# [Task prompt]
Your response should be an exact transcription of the data, images excluded.

# [Data shown]
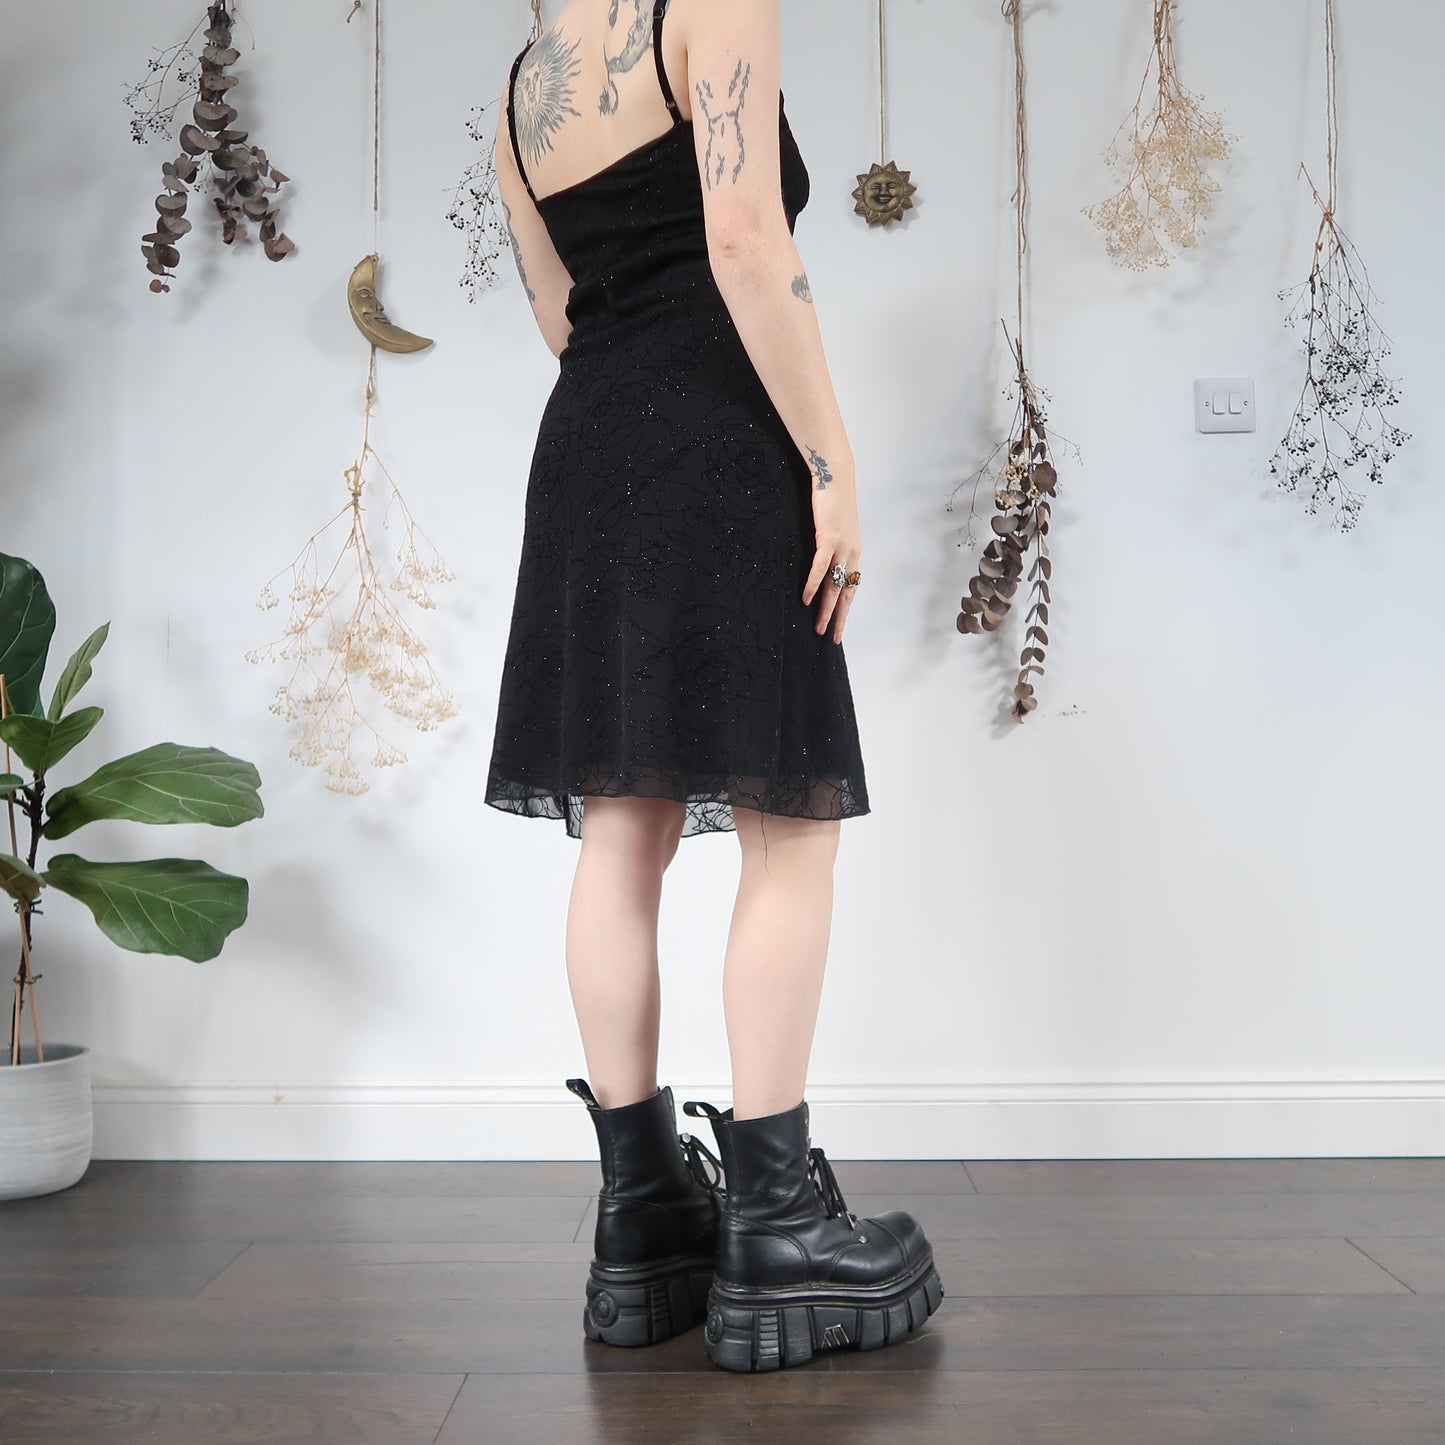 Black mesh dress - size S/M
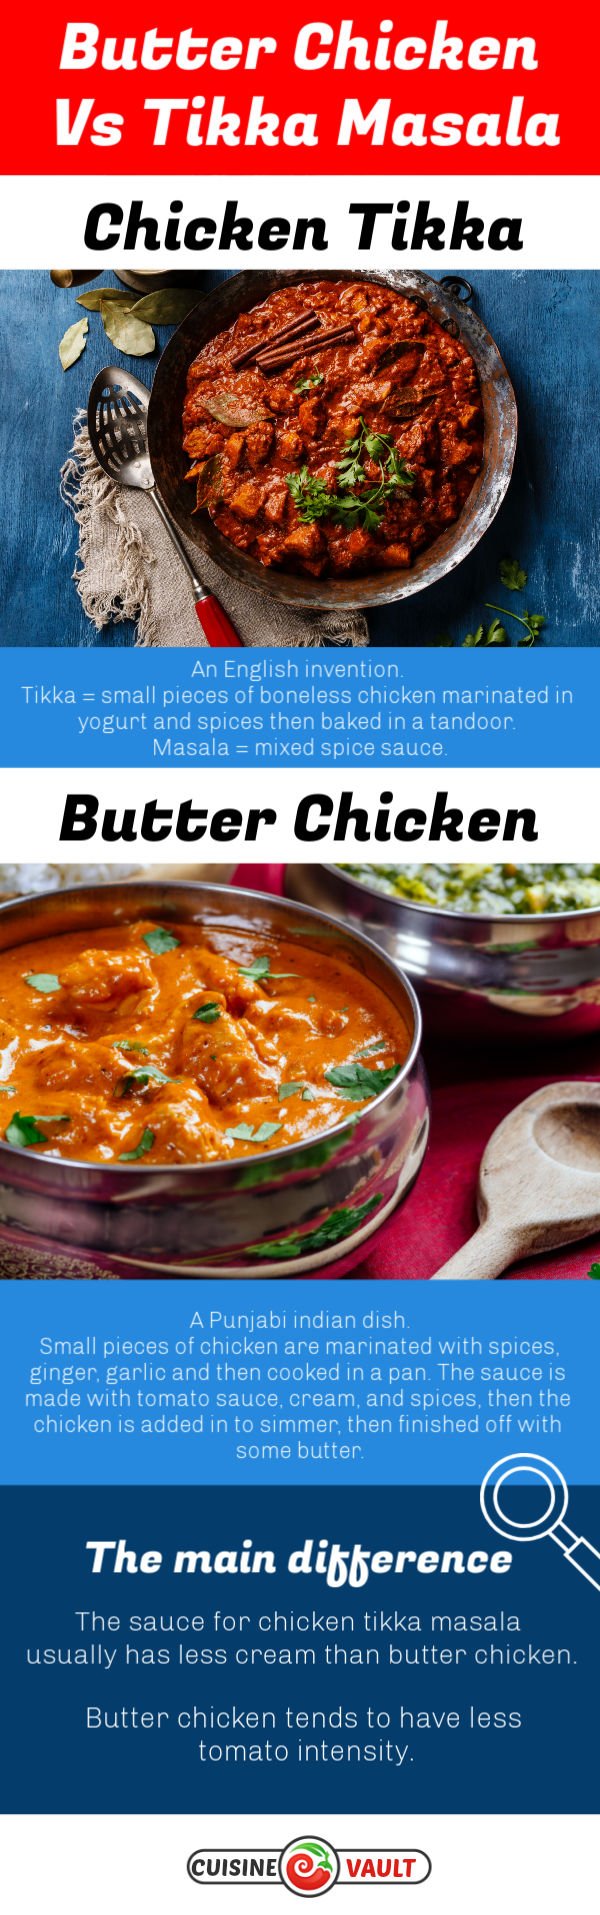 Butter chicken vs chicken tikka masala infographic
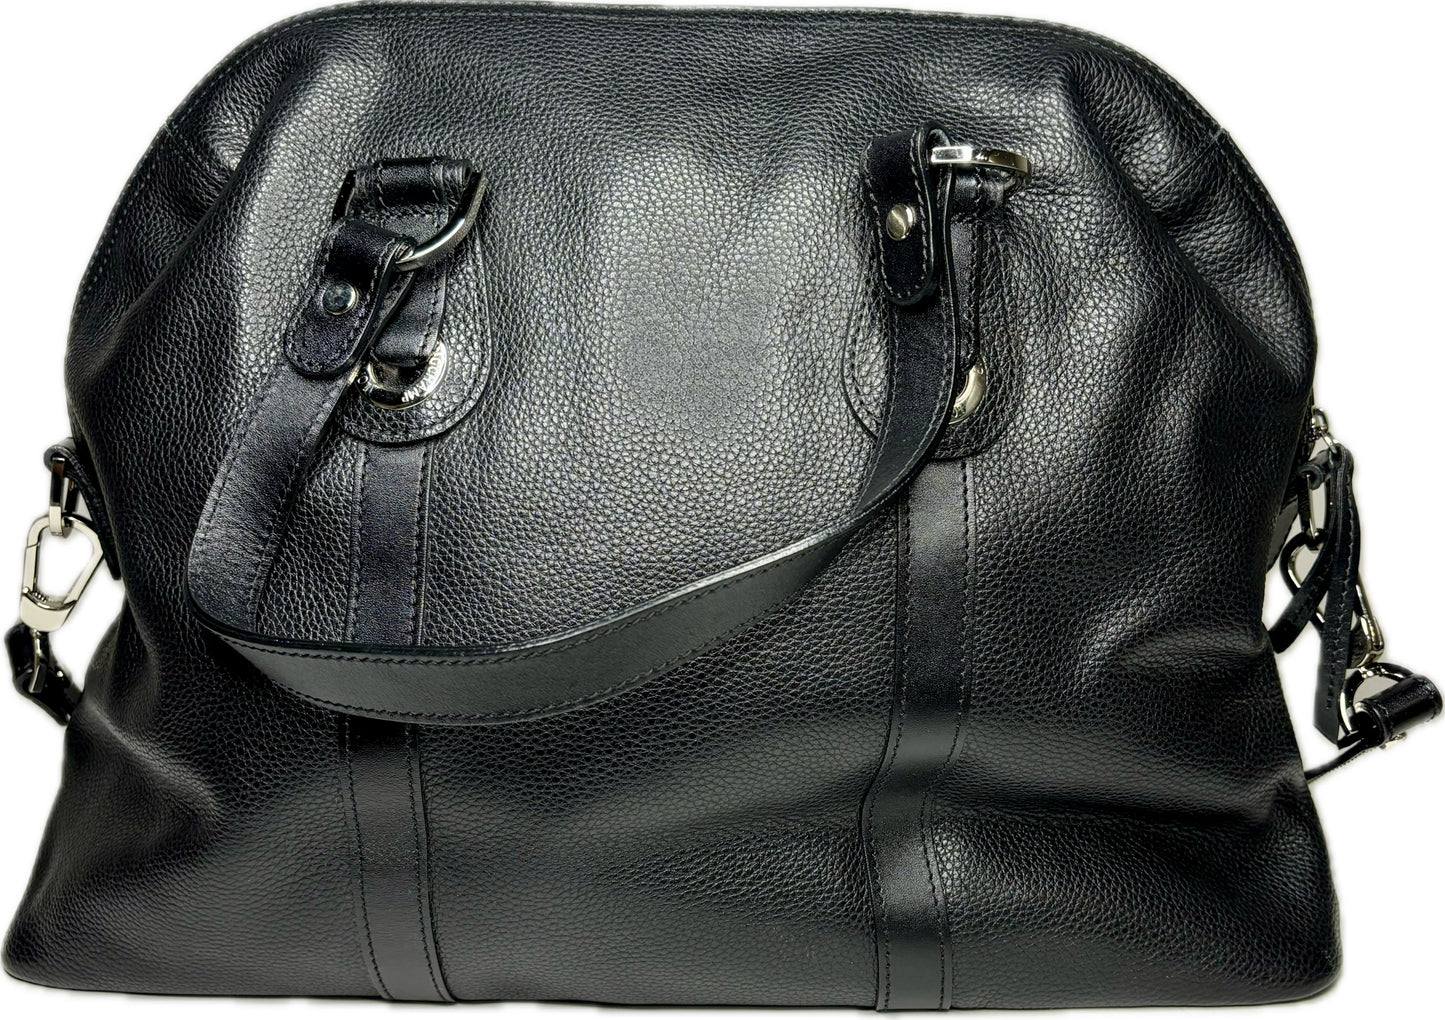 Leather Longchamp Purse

# [Result]
 Black mesh dress - size S/M
 Butter chicken vs chicken tikka masala infographic
 Leather Longchamp Purse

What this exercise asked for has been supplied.